This file lists some rules and limitations on the implementation of this library for pto-isa developers.
Not following the rules can result in any of the following:
- Can't compile (including source-code level compile errors and crash in compiler)
- Functionally incorrect (e.g., precision issues)
- Bad performance
1 - Remember that pto::(Conv)Tile::data() returns vector type instead of pointer type in auto mode¶
The return type of .data() member function is TileDType, which is defined differently in manual vs auto mode.

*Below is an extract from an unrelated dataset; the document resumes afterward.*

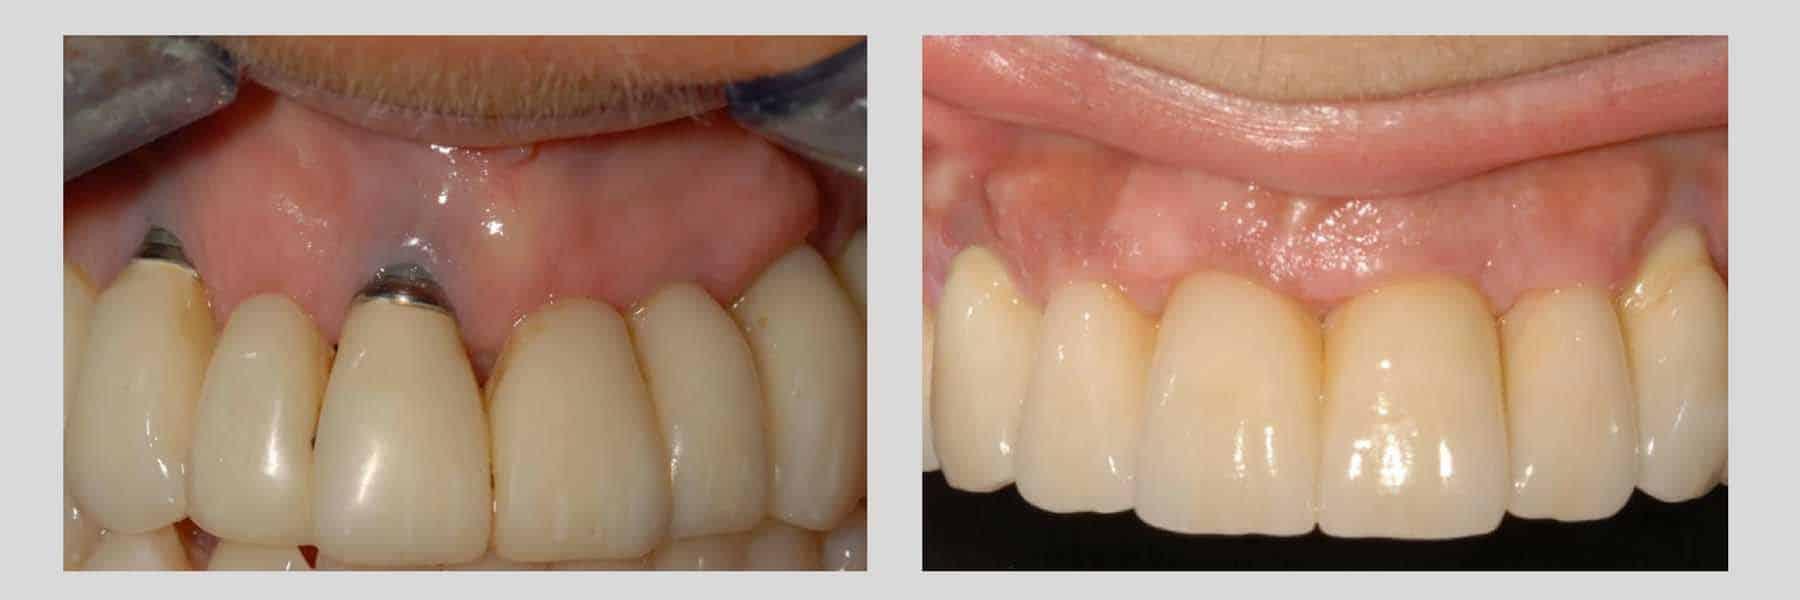 innesto gengivale su impianto dentale

In manual mode this is simply a pointer, while in auto mode it's a vector type. See the details in include/pto/common/memory.hpp.
You should always keep this in mind to avoid using the returned value of .data() function directly as a pointer type outside tile functions.
2 - Avoid default initializer for a struct/class member¶
It's a very common practice to default-initialize data members in a struct or class in C++, for instance:
struct ConvTile {
public:
...
int shape[ConvTileDetail::MAX_CONVTILE_DIM] = {1};
};
This turns out to cause problems for the SROA pass in the compiler (SROA can't eliminate the AllocaInst of the struct plus all the load and store instructions associated with it). At least in auto mode, please DON'T default initialize the members:
#ifdef __PTO_AUTO__
// In auto mode, do not have default initialization in the class definition itself for its members
int shape[ConvTileDetail::MAX_CONVTILE_DIM];
#else
int shape[ConvTileDetail::MAX_CONVTILE_DIM] = {1};
#endif
Even though we are programming in C++, we encourage to use POD (Plain Old Data) Aggregate programming to describe structs and classes that is compatible with the C-programming language.
3 - Explicit synchronization is still needed inside tile functions and their callees¶
TL;DR:
- Use
set_flag,wait_flagorpipe_barrierexplicitly in tile functions and all of their callees. - Use
PtoSetWaitFlagorTSYNCanywhere else.
Reason: The auto-sync will NOT traverse inside tile functions; as a matter of fact, the whole auto mode compiler works on the tile function level, meaning that everything inside tile function is a complete black box to auto-mode.
For this reason, if any synchronization is needed inside tile function, the library developers should still add synchronizations manually. That's why using PtoSetWaitFlag and TSYNC won't work in auto mode because it's no-op. Most of the cases this interface is used by kernel developers.
4 - Avoid using TASSIGN for implementation¶
Currently implementations of some pto instructions directly use TASSIGN_IMPL. This may be a problem for auto mode because it's no-op.
If you use TASSIGN just to alias 2 tiles, you should use TRESHAPE or TSUBVIEW to achieve the same goal depending on your needs. Anything else won't work for auto mode.
For instance, if you call TASSIGN to allocate memory based on some kind of algorithm, this will never work for auto-mode because the compiler can't possibly recognize the specific algorithm logic and do the same allocation as you want to do in manual mode.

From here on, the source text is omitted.